--- What you have to do ---
Copy all the lines of the listing below exactly. Skip the images.

--- Data block ---
- Opening Delimiter -
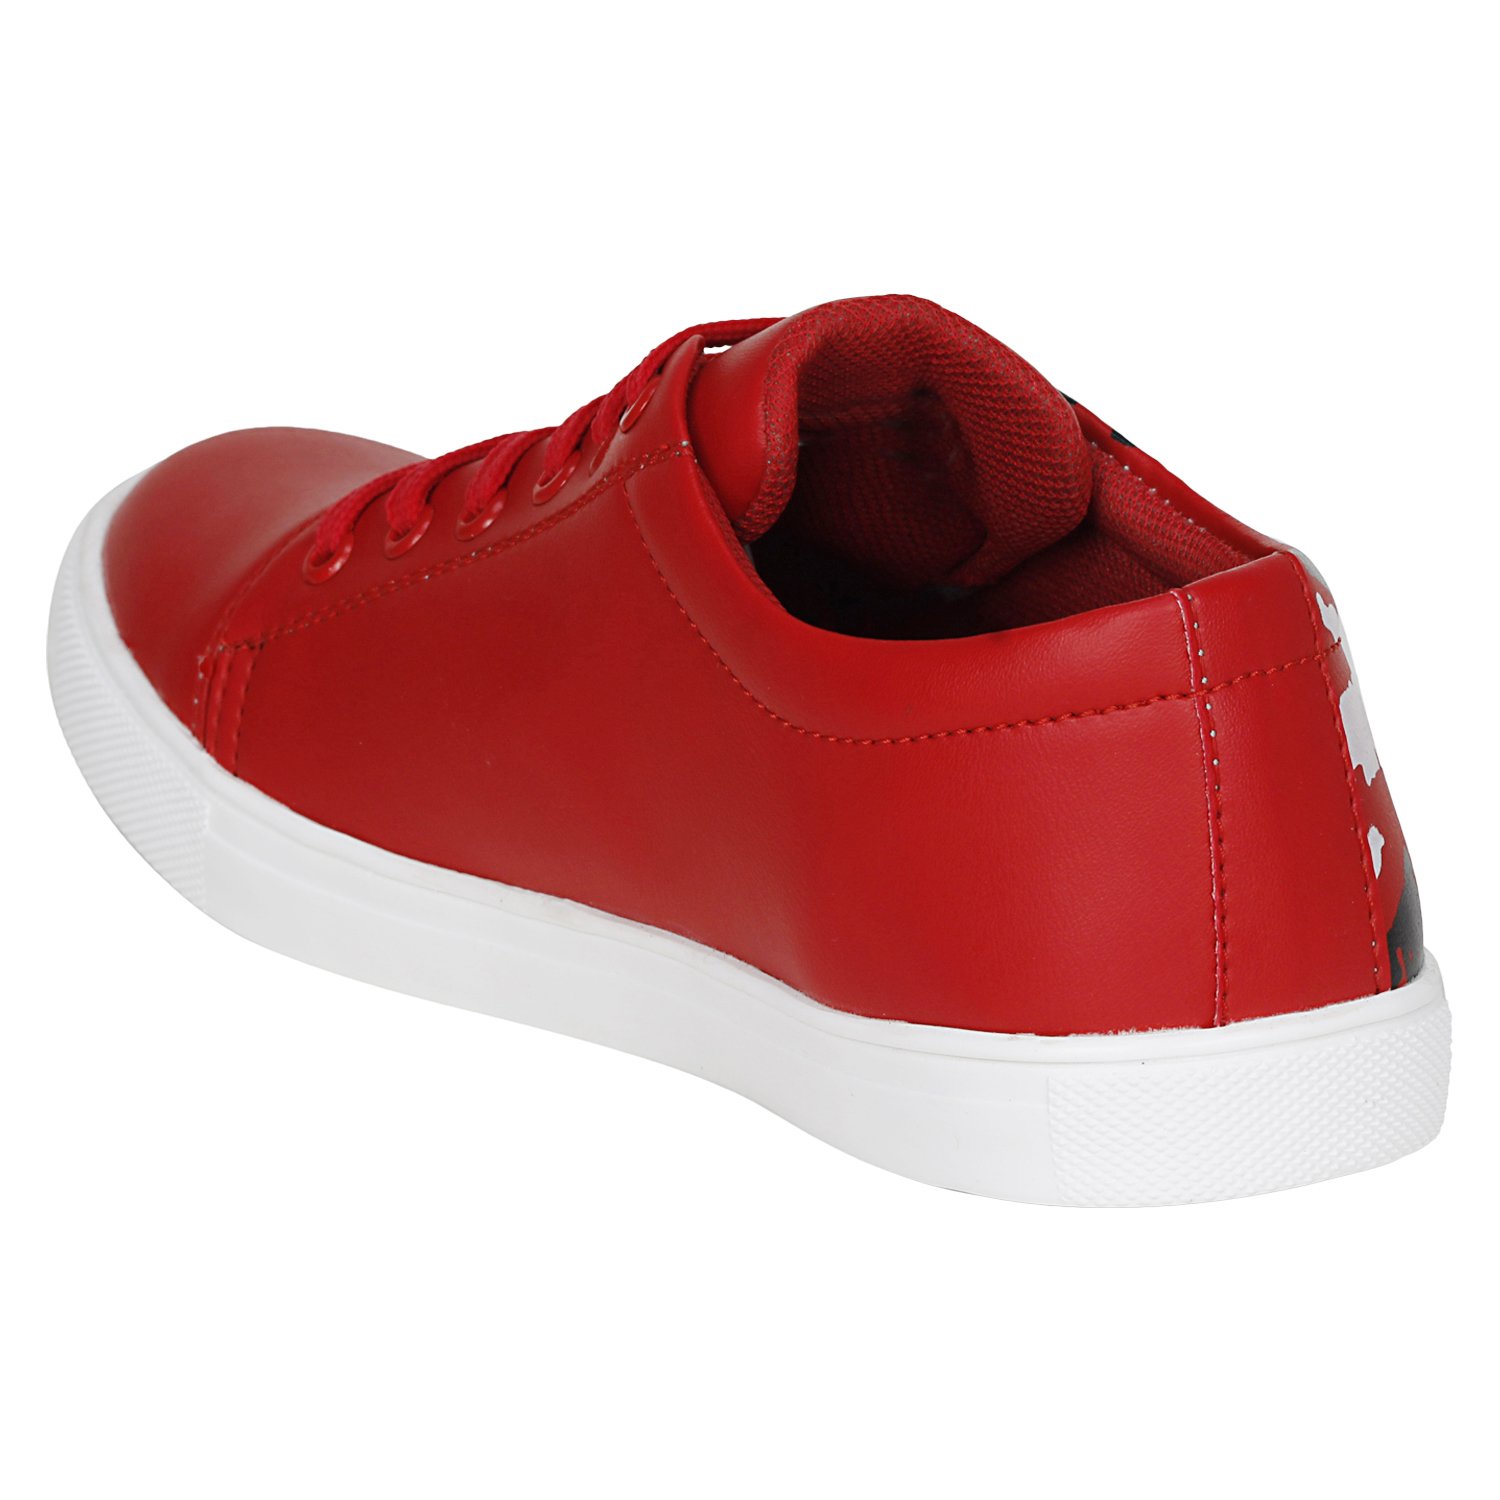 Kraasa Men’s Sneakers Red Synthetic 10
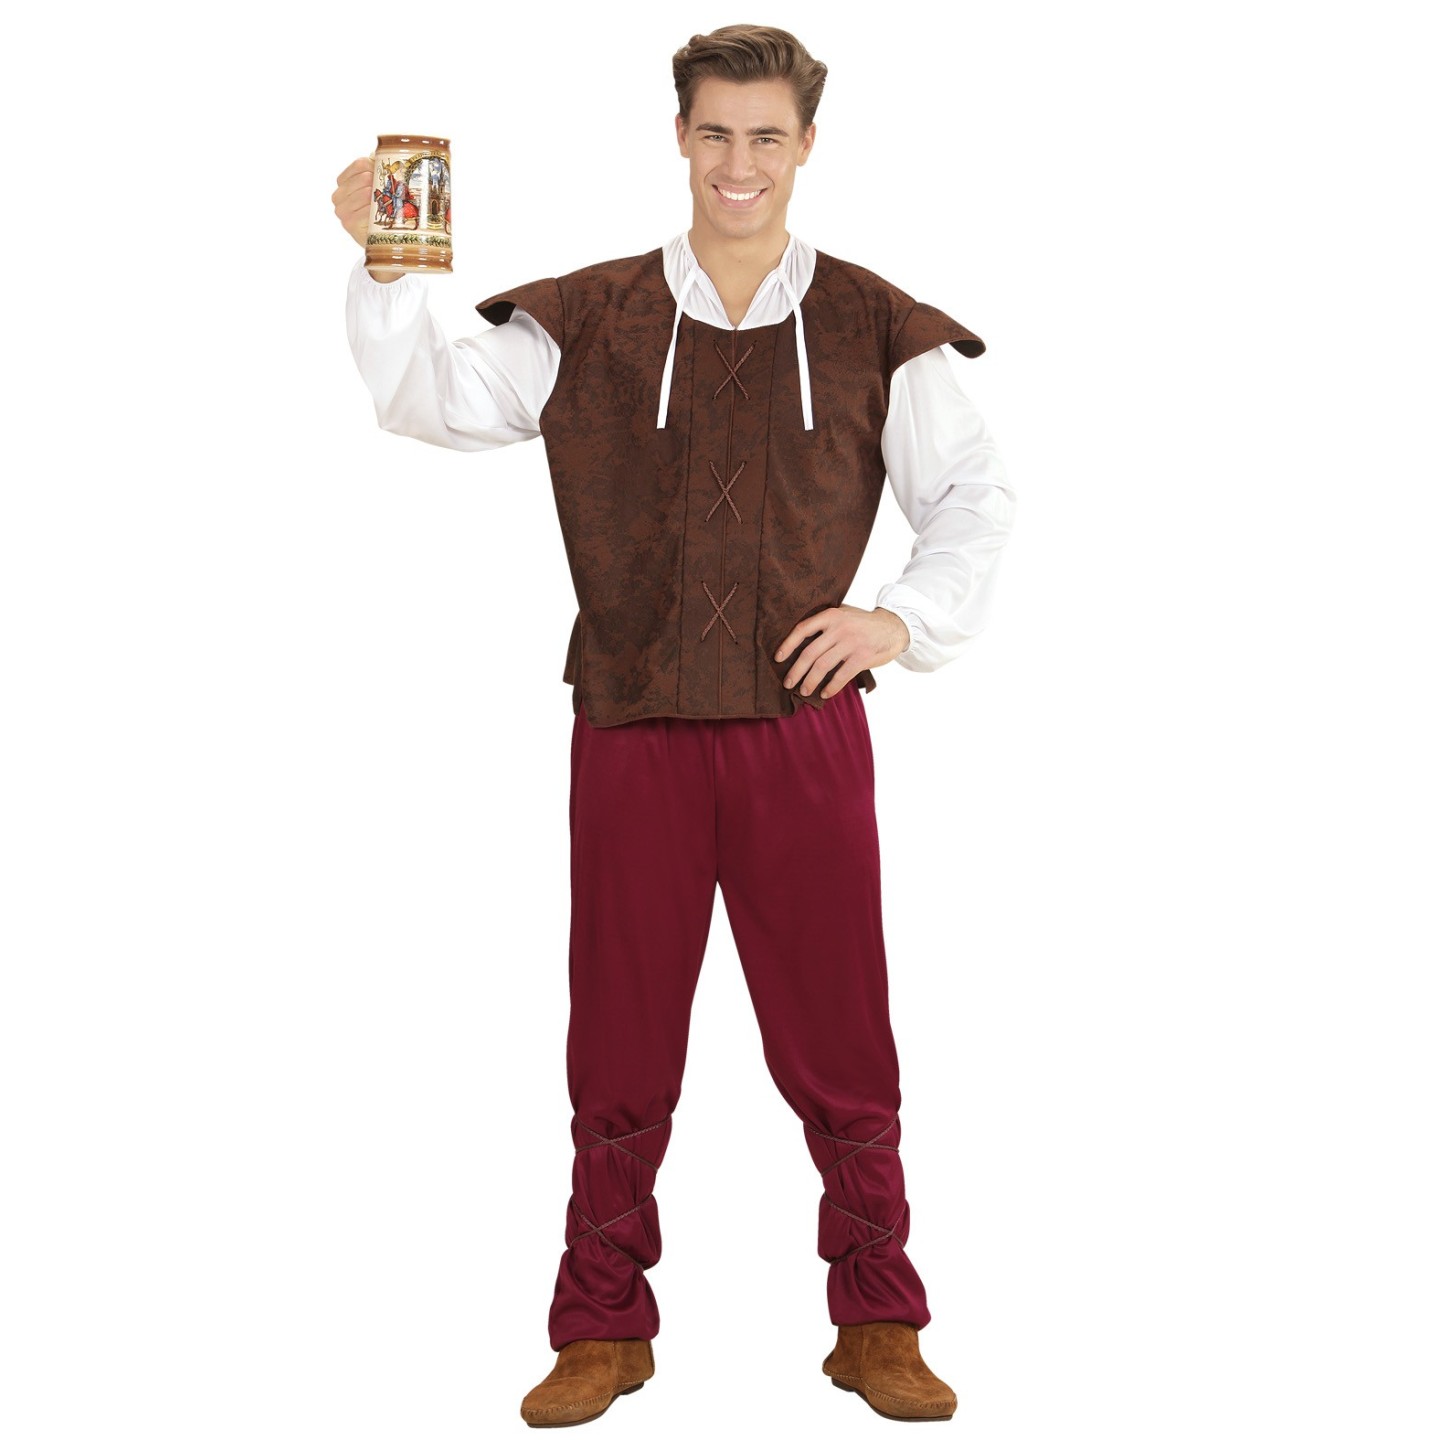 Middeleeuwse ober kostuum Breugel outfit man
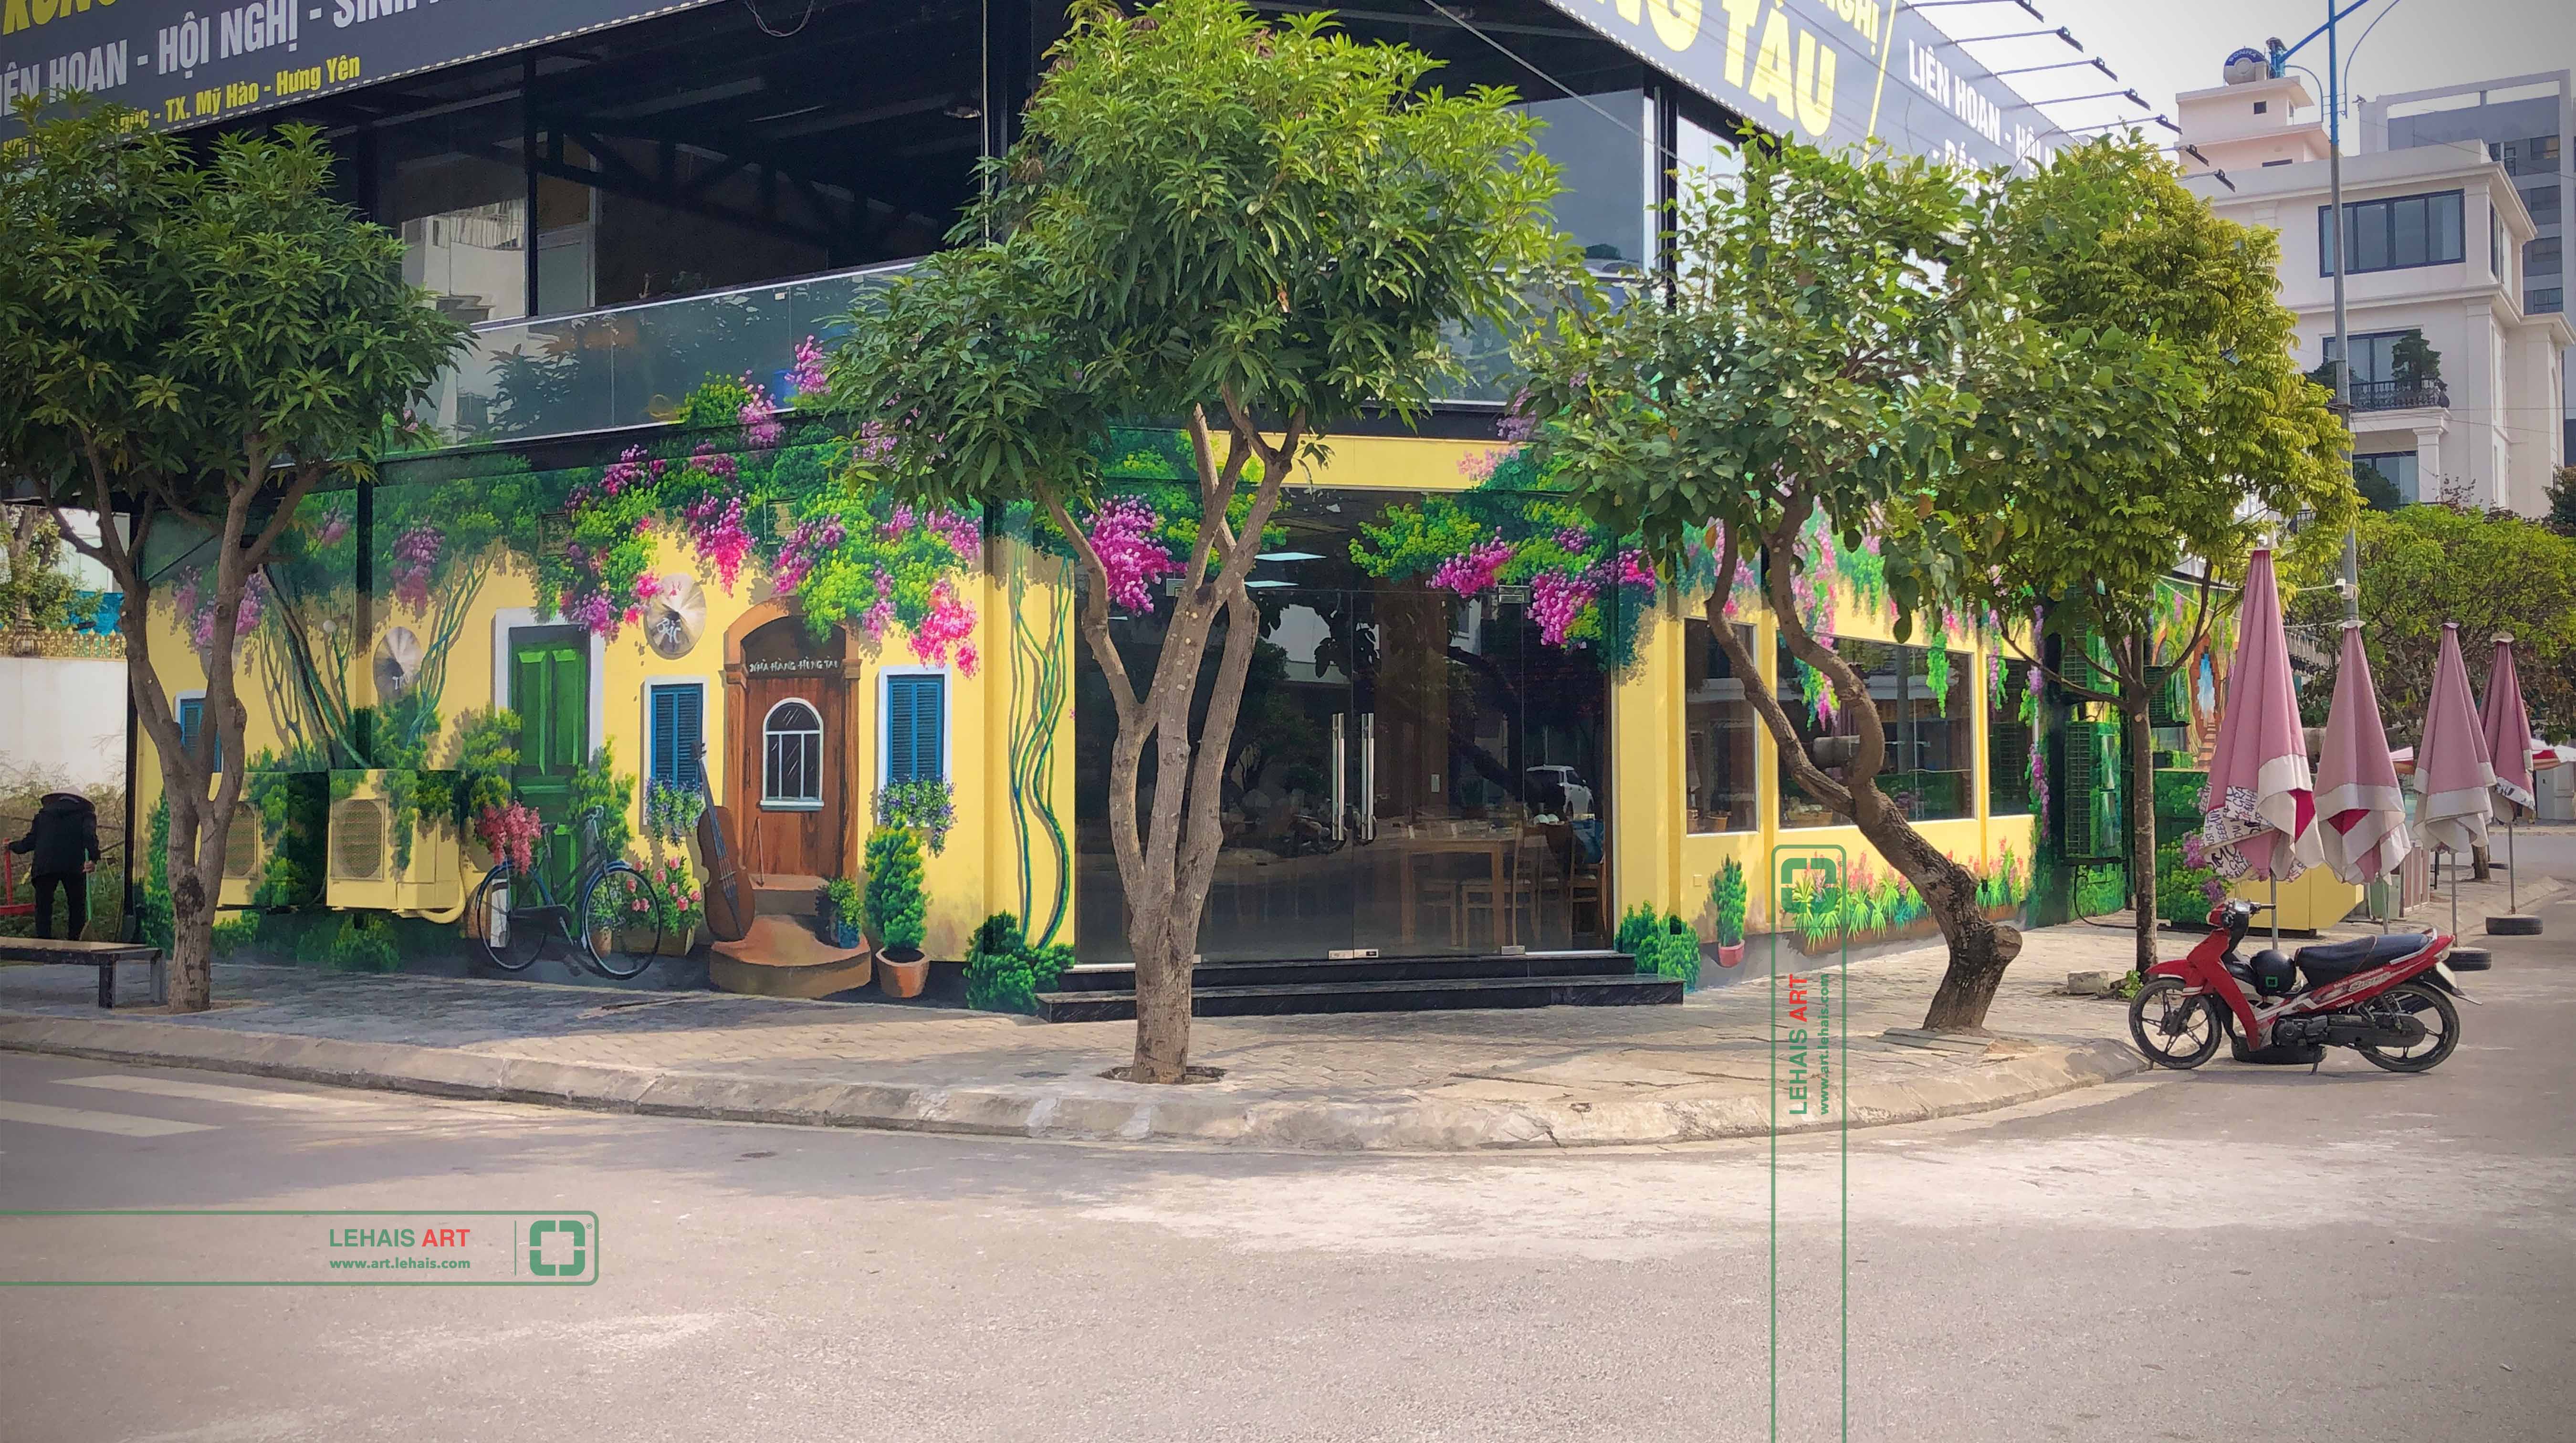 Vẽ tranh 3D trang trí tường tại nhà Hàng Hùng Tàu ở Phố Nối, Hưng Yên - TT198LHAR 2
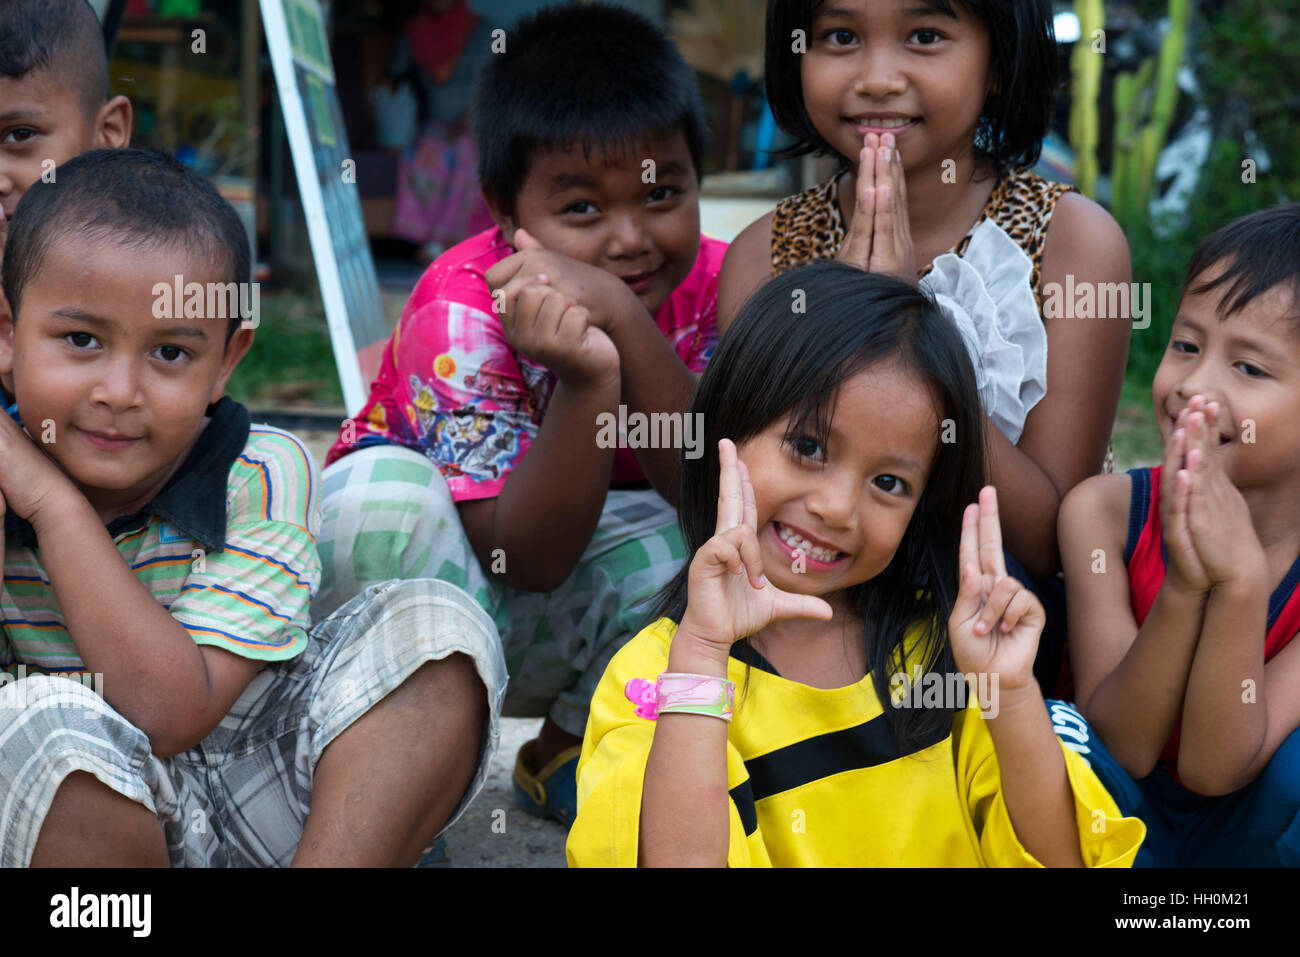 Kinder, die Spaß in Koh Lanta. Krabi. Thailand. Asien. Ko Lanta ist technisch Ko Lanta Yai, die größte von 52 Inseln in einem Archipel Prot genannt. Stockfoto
- Closing Delimiter -
--- Answer box ---
 Kraasa Men’s Sneakers Red Synthetic 10
 Middeleeuwse ober kostuum Breugel outfit man
 Vẽ tranh 3D trang trí tường tại nhà Hàng Hùng Tàu ở Phố Nối, Hưng Yên - TT198LHAR 2
 Kinder, die Spaß in Koh Lanta. Krabi. Thailand. Asien. Ko Lanta ist technisch Ko Lanta Yai, die größte von 52 Inseln in einem Archipel Prot genannt. Stockfoto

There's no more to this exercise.